# Newby D/Tail Jig User



## thecoder (May 23, 2011)

Hi guys I have just purchased a SIP dovetail jig and can safely say it has tested my patience...

any how my question is when I cut the pieces (both together ) I am left with an open ended joint and an half hidden one,

how do I cut them both so they are both exposed please,...sorry if it seems a dumb question but i probably am.

cheers

Dave


----------



## kp91 (Sep 10, 2004)

It sounds like you are trying to cut a through dovetail with a half blind dovetail jig.

Knowing nothing of your jig, I don't know if it can do both kinds.
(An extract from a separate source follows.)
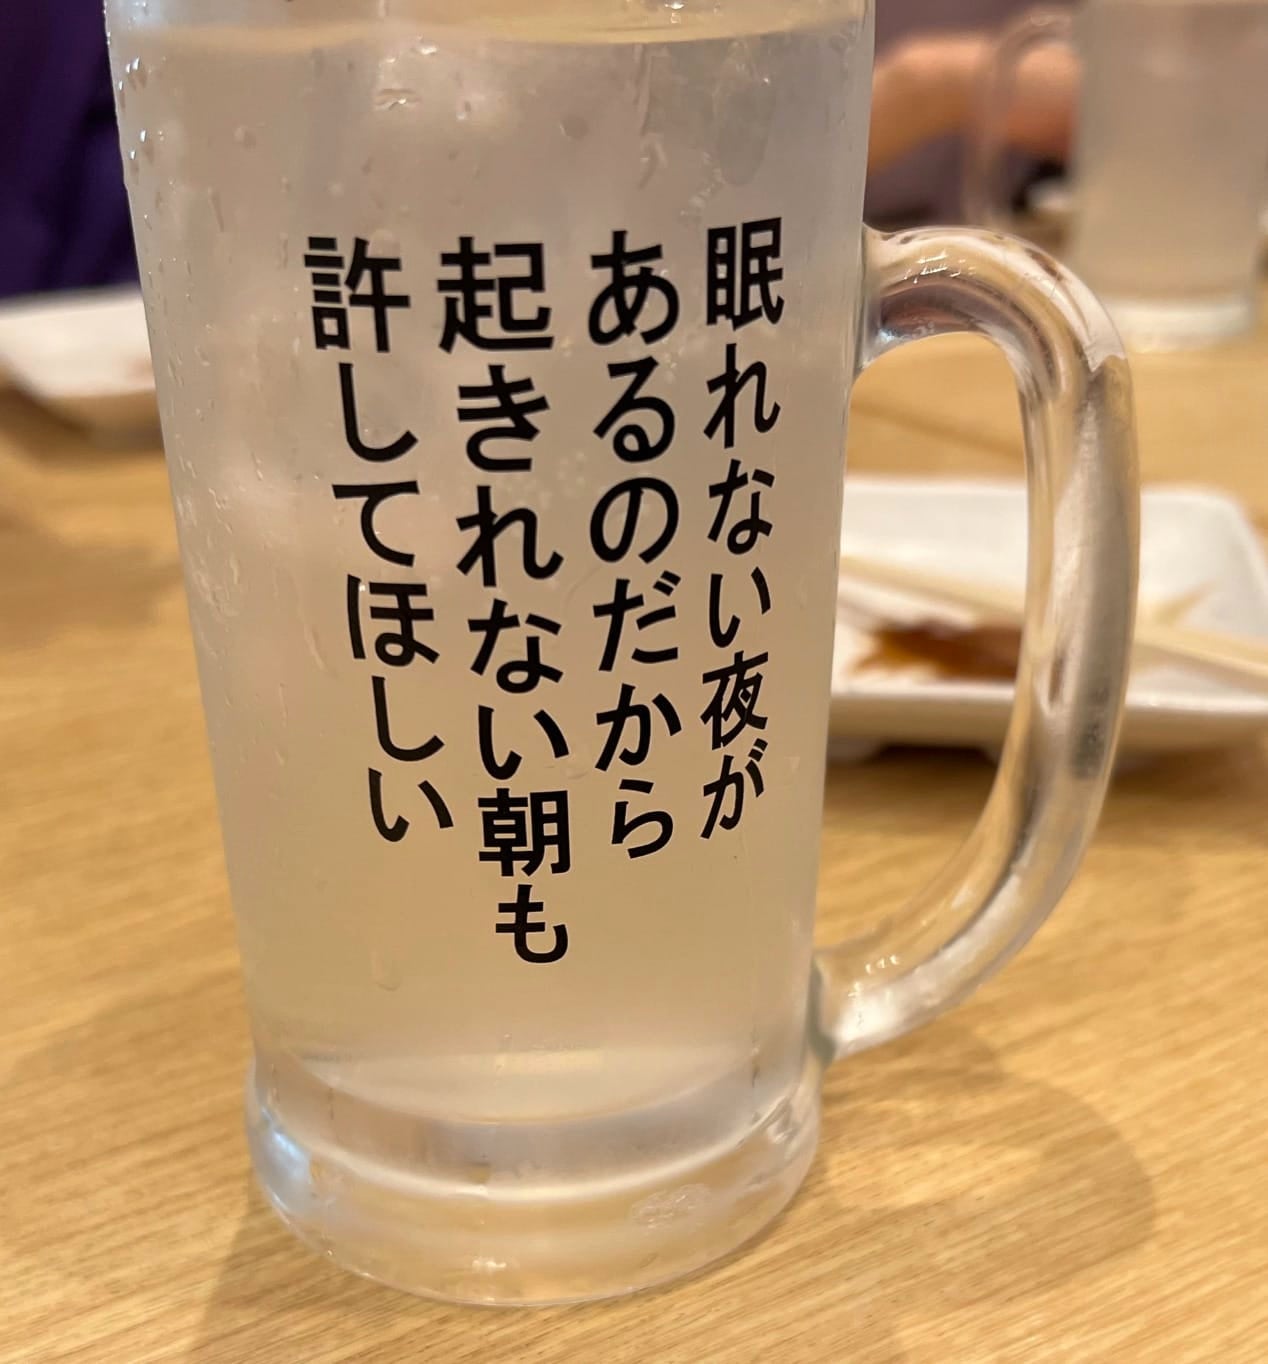 คำคมสุดโดนบนแก้วสายดื่ม นักดื่ม ร้านอาหารญี่ปุ่น

Sorry I can't be more help,


----------



## istracpsboss (Sep 14, 2008)

kp91 said:


> It sounds like you are trying to cut a through dovetail with a half blind dovetail jig.
> 
> Knowing nothing of your jig, I don't know if it can do both kinds.
> 
> Sorry I can't be more help,


You've got it, Doug. It won't do through dovetails.

I've attached a picture. They are the usual type that is sold under numerous brand names. They are actually one of the best value as they are quite cheap, despite coming with 7/16", 1/2" and 9/16" templates and a bearing guided cutter.

Ron, one of our members, has done a report on dovetail jigs. http://www.routerforums.com/woodworking-articles/27571-dovetail-jigs-compared-12-brands-1-a.html

If you want to do through dovetails you'll need something else, like a Katie jig or one of the Leigh ones.


Cheers

Peter


----------



## bobj3 (Jan 17, 2006)

Hi Dave

The SIP dovetail jig is one of the many dovetail jigs out on the market place that are all the same, you will need to read the manual over and over and in time you will get the job done I'm sure..

Dovetail Machine
http://manuals.harborfreight.com/manuals/34000-34999/34102.pdf

=========



thecoder said:


> Hi guys I have just purchased a SIP dovetail jig and can safely say it has tested my patience...
> 
> any how my question is when I cut the pieces (both together ) I am left with an open ended joint and an half hidden one,
> 
> ...


----------



## thecoder (May 23, 2011)

Hi guys after much head scratching and frustration I can now use the jig,and to be fair I am impressed with it despite its limitations.

thanks for the feedback guys.

Dave


----------



## istracpsboss (Sep 14, 2008)

Hi Dave

If you search the site, there are many suggestions for simple improvements you can make for your jig. Try gluing sandpaper to the insides of the clamp bars for a start. It will give them a better grip, so that your workpieces don't move.

Cheers

Peter


----------